Vertex (VRTX) -- Is it Worth The Price?
I get a lot of inquiries from subscribers to my ChangeWave Biotech Investor about Vertex (VRTX).
I am not fan of the stock, although I am a little more bullish about the company itself based on something not often factored into biotech stock buying -- valuation. This is one expensive stock. It was expensive when it traded past $45 a few months ago and even at $30 and change it sports a near $4 billion dollar market cap. Yes, it has fast growing revenues and about 20 years worth of cash, but I have seen this before.
The stock price is currently being driven by optimism about its hepatitis C treatment, VX-950, now in mid-stage or phase II trials. The results were decidedly mixed. While a good number of patients responded well, 11% dropped out due to side effects -- and in this market, where there are several available treatments, that is a big deal.

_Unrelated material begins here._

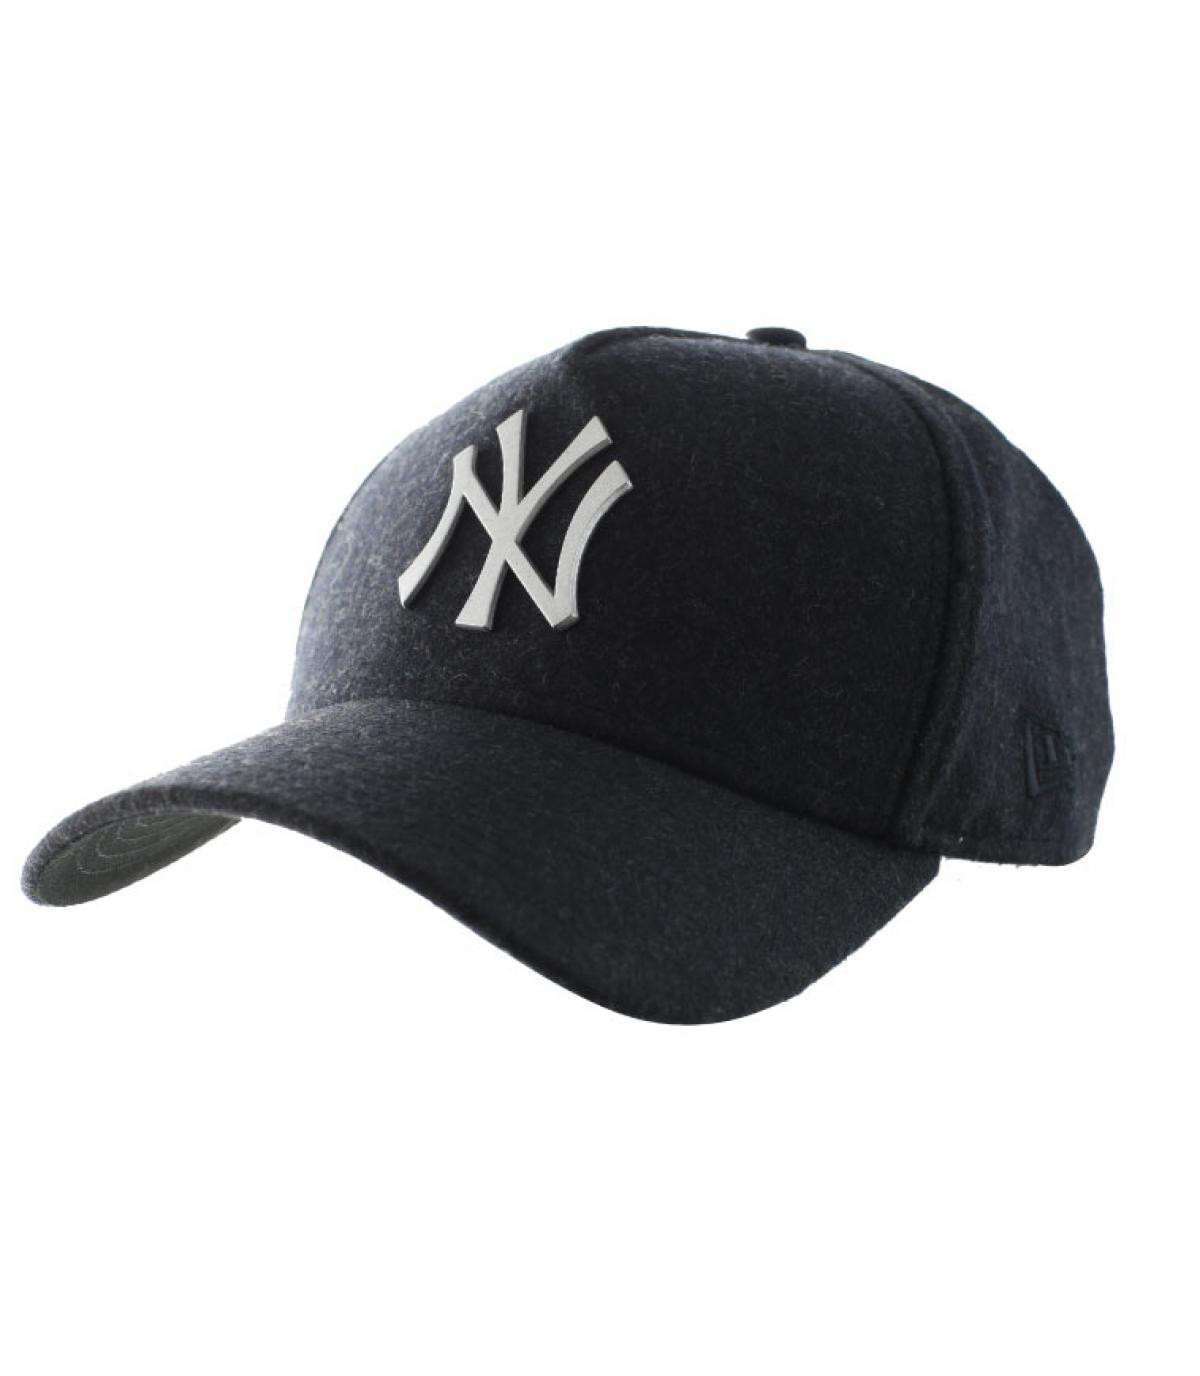 Nero logo in metallo cappello NY - Trucker NY Melton Metal black da ... 5db2edd09890

And, remember, this drug in trial was given to patients in combination with two other drugs, pegylated interferon and ribavrin, so it is more expensive and less convenient to take than the existing standard of treatment. Not to mention competitors in this market are led by Roche, a big player in the viral market currently targeting Hep C with existing and new drugs in trial. Vertex is co-developing the drug with Tibotec of Ireland and retains North American marketing rights.
Does Phase II optimism (and a successful Phase III which might lead to a drug approval in 2010 at the earliest) justify a $4 billion market cap? No.
Will it get approved? Probably, but how much will be sold is the real question.
It will be a slow build at best and by the time it could be truly successful other treatments will be coming to market.
Is the company in any financial trouble? No. It has almost three quarters of a billion in the bank and many years of burn before it would need to go to the market again.
The bottom line is that the stock may be 33% off its highs, but stay away. Not all that glitters is really gold....




Comments (1)
Michael, CEGE is running two Phase III trials for GVAX in HRPC/AIPC...VITAL-1 for asymptomatic patients, in which it's GVAX monotherapy vs Taxotere monotherapy. VITAL-2 is for symptomatic patients, pitting GVAX+Taxotere vs Taxotere monotherapy. VITAL-1 will probably be fully enrolled sometime between mid-2007 and mid-2008.
CEGE has an SPA with the FDA for VITAL-1, but they were only able to negotiate superiority...so CEGE apparently has to beat Taxotere statistically significantly in overall survival. That's going to be awfully difficult, as the recent TAX327 subgroup data for asymptomatic patients presented at Feb 2007 ASCO Prostate showed 23.0 months median survival for Taxotere vs 19.8 months for control.
VITAL-1 is 80% powered for a 33% improvement in median survival over Taxotere. In other words, even if the GVAX arm achieves 30.7 months median survival vs 23.0 months for the Taxotere arm, there still is a 20% chance these results would not be stat sig. I give GVAX less than 10% chance of achieving success in this trial.